_Material for this exercise:_
■ ■ ■ ■

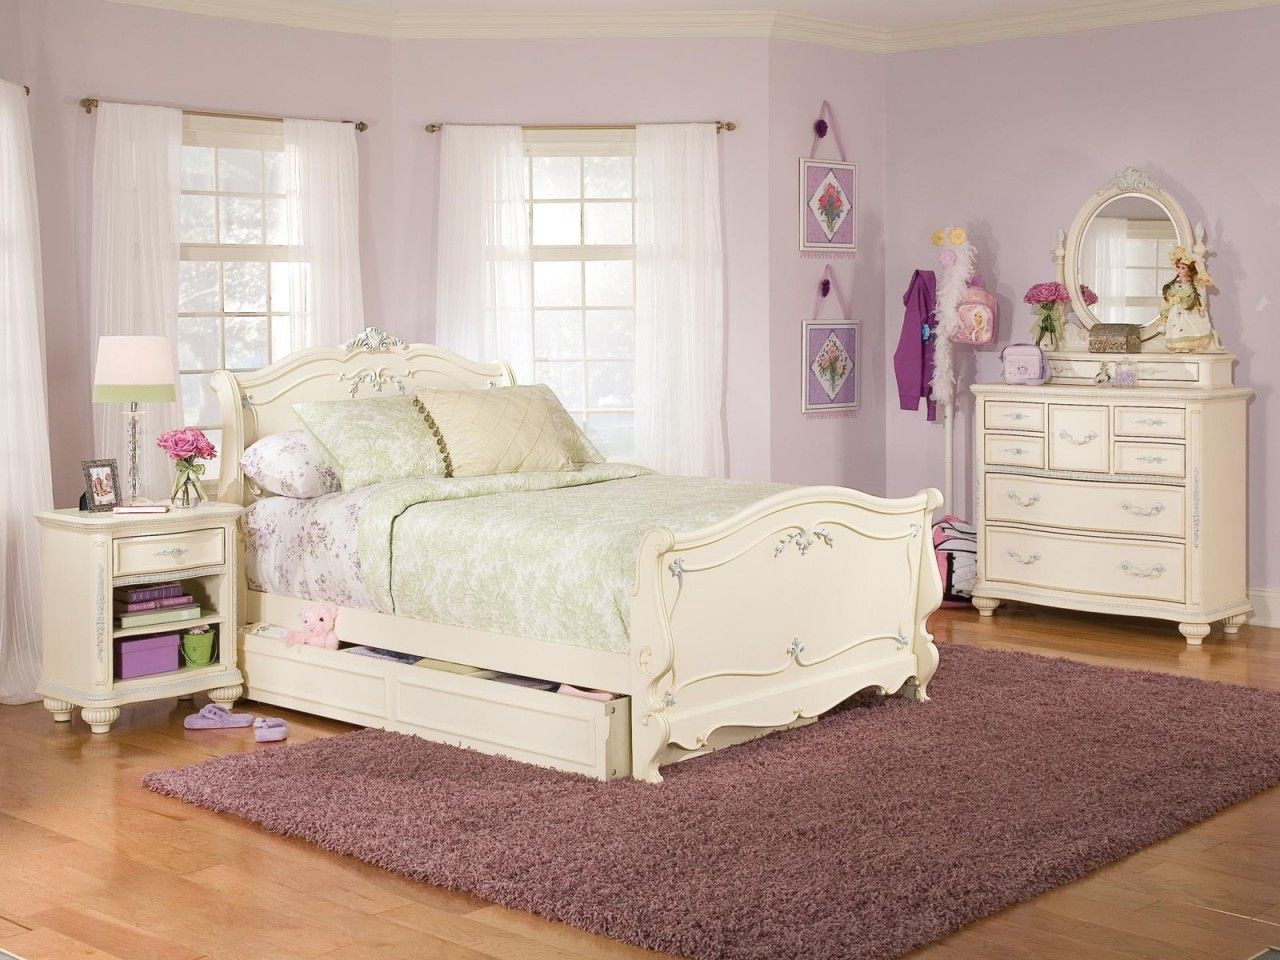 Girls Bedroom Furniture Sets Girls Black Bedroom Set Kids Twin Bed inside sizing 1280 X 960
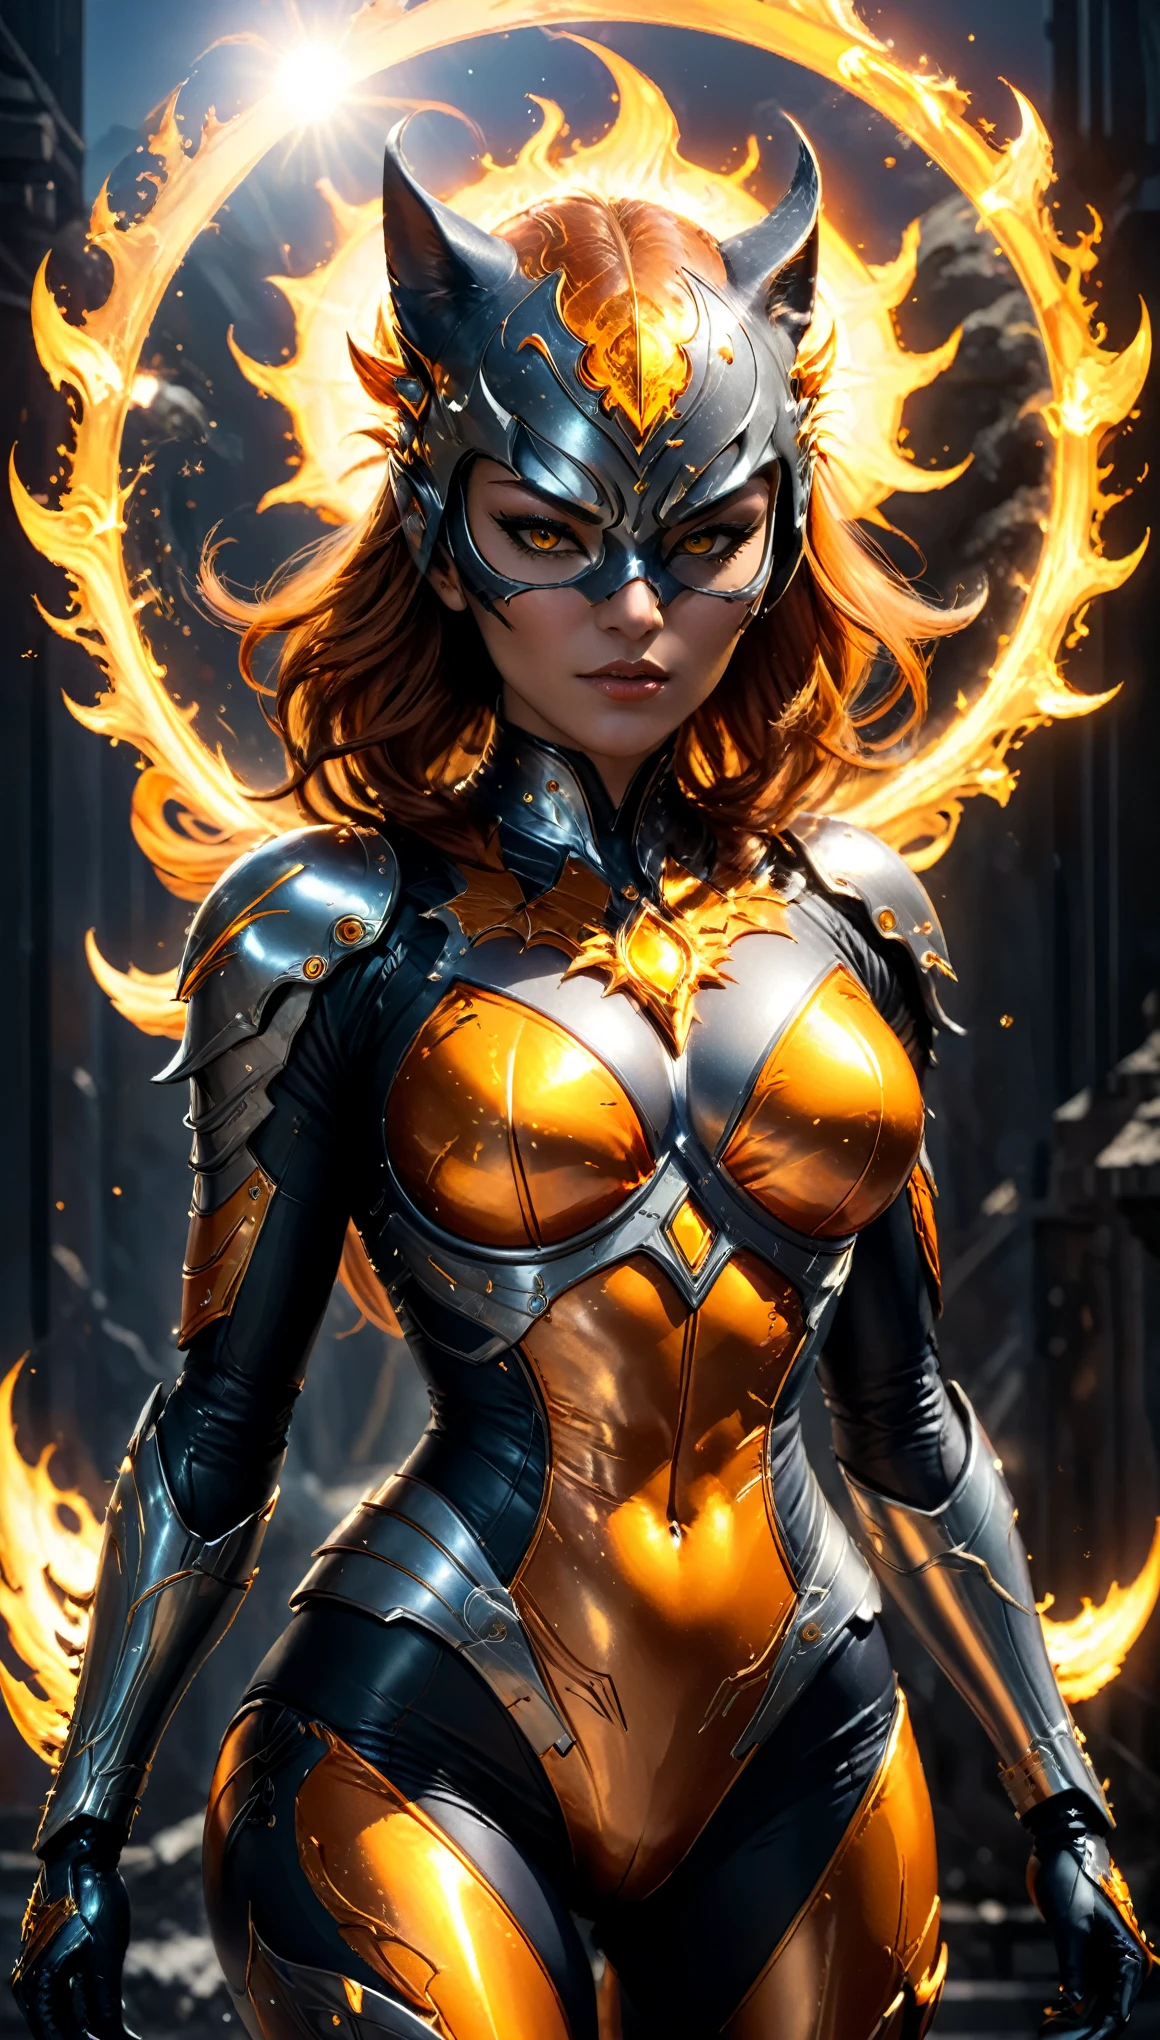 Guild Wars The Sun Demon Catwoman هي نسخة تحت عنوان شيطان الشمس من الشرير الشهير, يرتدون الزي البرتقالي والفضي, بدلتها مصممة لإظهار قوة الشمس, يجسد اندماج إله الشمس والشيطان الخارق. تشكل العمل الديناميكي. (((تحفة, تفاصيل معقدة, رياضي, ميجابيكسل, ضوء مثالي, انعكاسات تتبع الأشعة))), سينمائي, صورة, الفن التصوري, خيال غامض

■ ■ ■ ■

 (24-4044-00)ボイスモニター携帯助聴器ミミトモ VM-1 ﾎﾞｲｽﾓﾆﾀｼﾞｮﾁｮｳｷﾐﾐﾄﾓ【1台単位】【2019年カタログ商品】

■ ■ ■ ■

_Task description:_ In the records above, find the line containing "Girls Bedroom Furniture" and the line containing "Guild Wars The", then give both of them again word for word along with every line between. Omit any pictures.

_Output of the exercise:_
 Girls Bedroom Furniture Sets Girls Black Bedroom Set Kids Twin Bed inside sizing 1280 X 960
 Guild Wars The Sun Demon Catwoman هي نسخة تحت عنوان شيطان الشمس من الشرير الشهير, يرتدون الزي البرتقالي والفضي, بدلتها مصممة لإظهار قوة الشمس, يجسد اندماج إله الشمس والشيطان الخارق. تشكل العمل الديناميكي. (((تحفة, تفاصيل معقدة, رياضي, ميجابيكسل, ضوء مثالي, انعكاسات تتبع الأشعة))), سينمائي, صورة, الفن التصوري, خيال غامض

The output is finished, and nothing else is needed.